Mathematics of Information and Data Science

What we do

MINDS (Mathematics of Information and Data Science) is our research group based in the School of Mathematics and Computer Science and part of the Maxwell Institute for Mathematical Sciences in Edinburgh. Our mission is “to enable the reliable transformation of data into information through the development of efficient and rigorous mathematical and computational techniques, with special attention to impactful applications that generate social and economic benefit.”

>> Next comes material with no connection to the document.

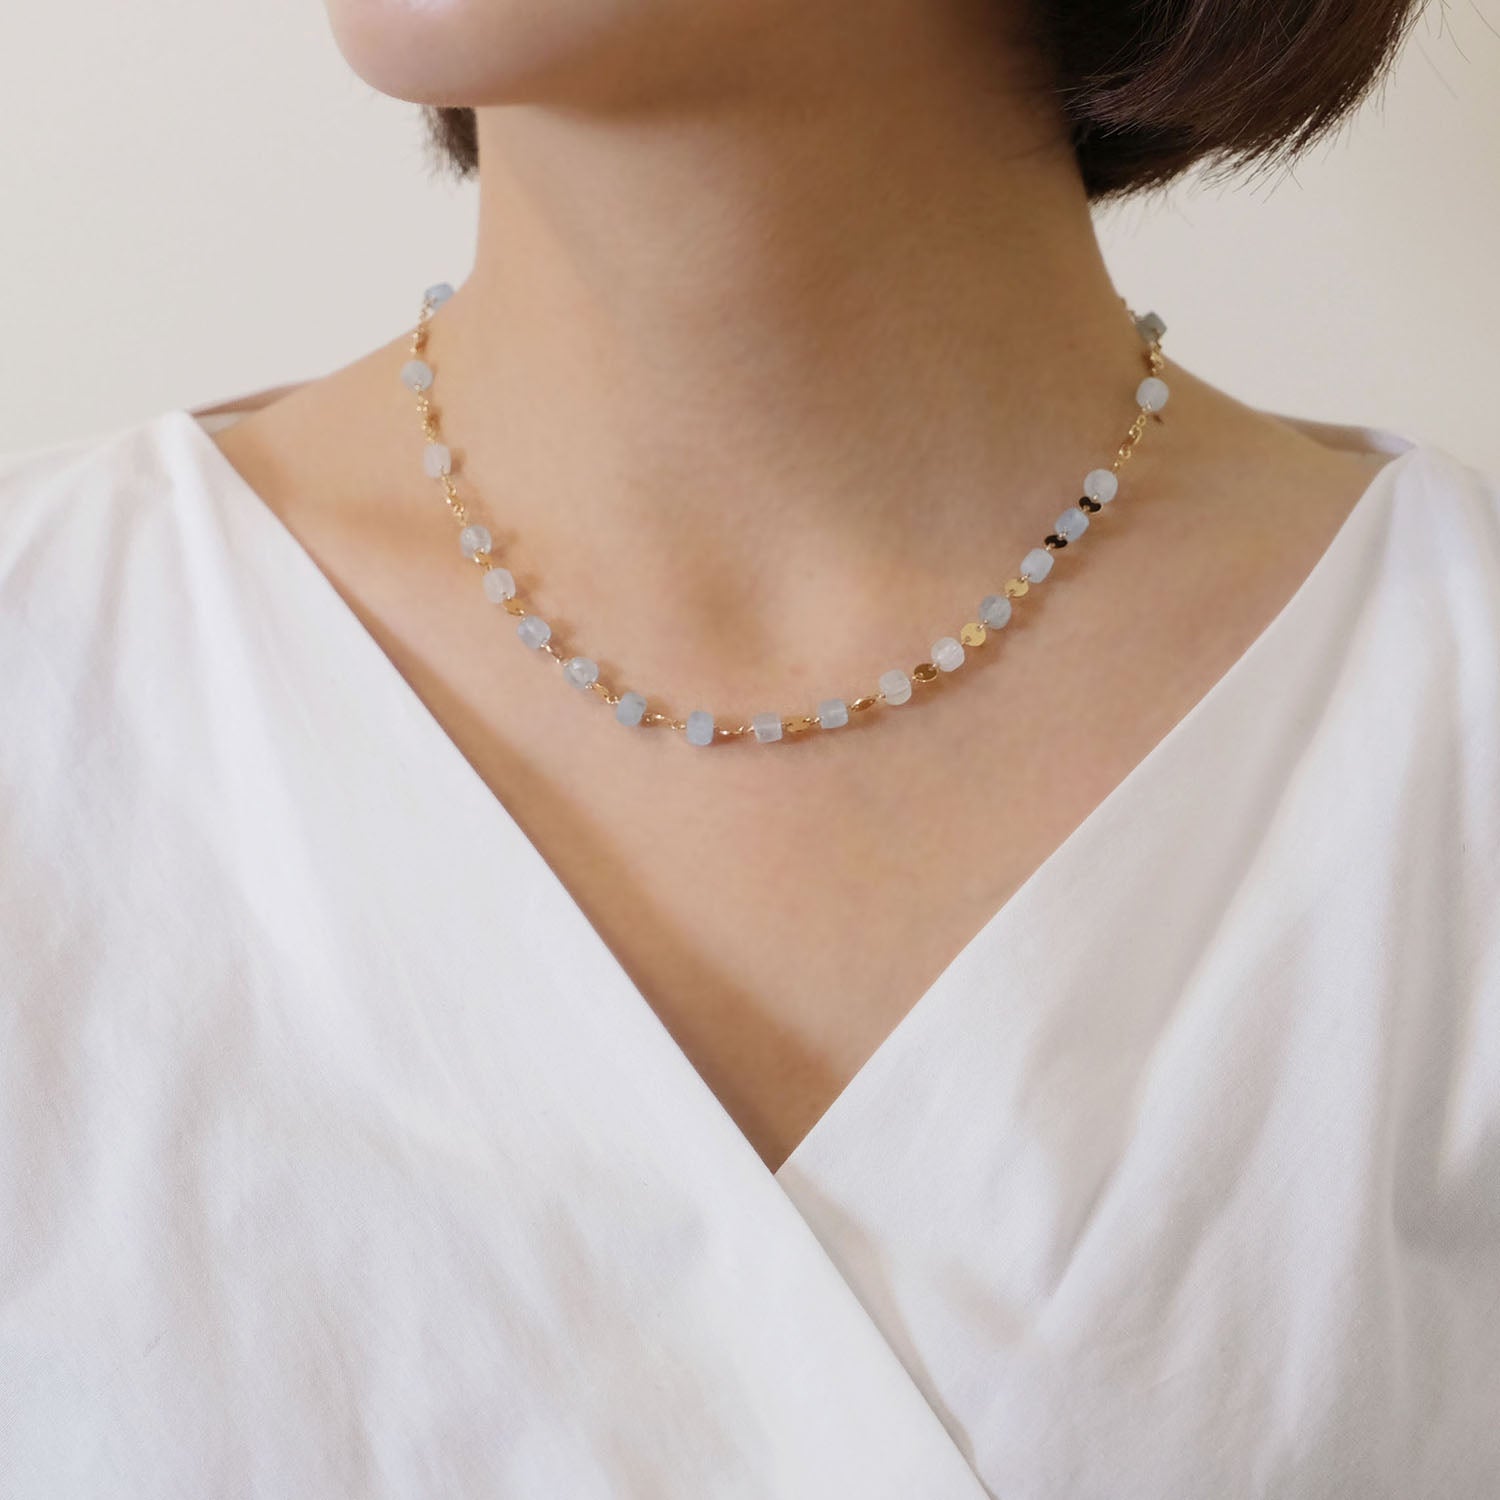 Colorful Gemstones Necklace (Aquamarine)

Data Science is an all-encompassing field that deals with the vast amount of data that has become available in recent days. The challenge is to /efficiently/ transform such raw data into meaningful information that can aid the strategic decision making of practitioners in different applications and industries. Dealing with this challenge requires the development of methods that can effectively handle large amounts of data or extract the maximum amount of information from a small amount of data. The development of these methods requires deep understanding of mathematical and statistical concepts in Data Science and complicated analysis which drives the development and proves the efficacy of these methods. Data Science has applications and significant impact in many fields such as computational imaging, bioinformatics, audio processing, text processing, finance, etc…. and these applications give the framework for such method developments.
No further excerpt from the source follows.